Interaction Rating=Moderate Be cautious with this combination.

The body breaks down phenytoin to get rid of it. Folic acid might increase how quickly the body breaks down phenytoin. Taking folic acid and taking phenytoin might decrease the effectiveness of phenytoin and increase the possibility of seizures.

Primidone (Mysoline)

Interaction Rating=Moderate Be cautious with this combination.

Primidone is used for seizures. Folic acid might cause seizures in some people. Taking folic acid along with primidone might decrease how well primidone works for preventing seizures.

Pyrimethamine (Daraprim)

Interaction Rating=Moderate Be cautious with this combination.
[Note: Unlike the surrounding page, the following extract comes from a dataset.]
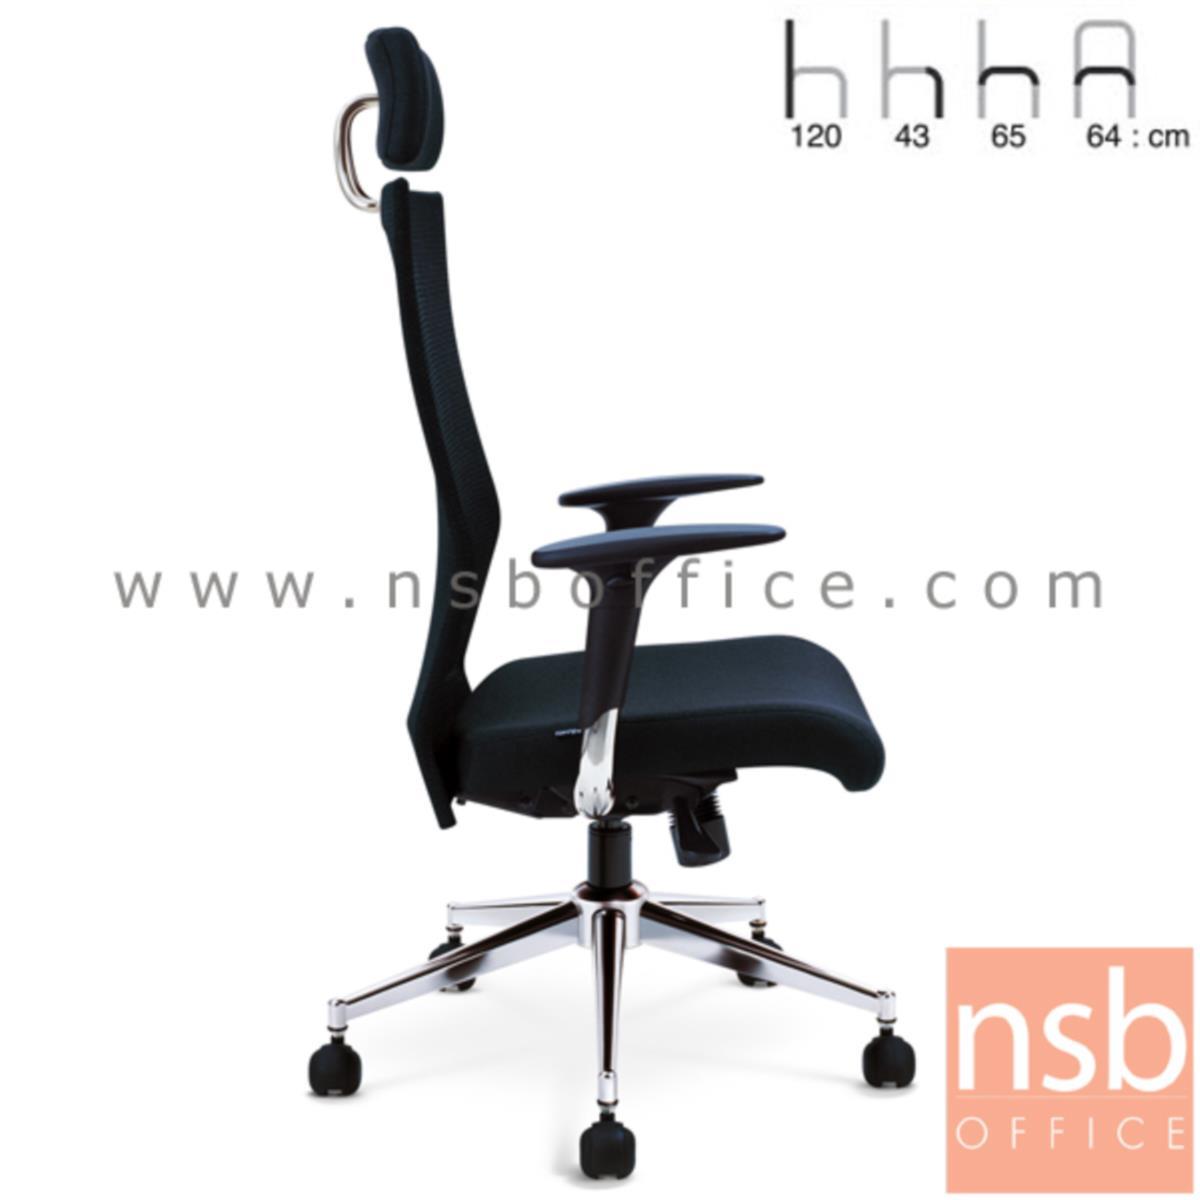 เก้าอี้ผู้บริหารหลังเน็ต รุ่น Infiniti (อินฟินิที)  โช๊คแก๊ส มีก้อนโยก ขาเหล็กชุบโครเมี่ยม

Pyrimethamine is used to treat parasite infections. Folic acid might decrease the effects of pyrimethamine for treating parasite infections.

Interactions with herbs & supplements

Green tea: There is some concern that green tea extract might keep folic acid from working the way it should in the body. This might lead to a condition that is similar to folic acid deficiency.
Zinc: Folic acid might interfere with zinc absorption. But people who get enough zinc in their diet do not need to worry about this effect.

Interactions with foods

Folic acid can be taken with food or without food.

But drinking green tea might lower folic acid levels in the body. If you have low folic acid levels, avoid drinking green tea.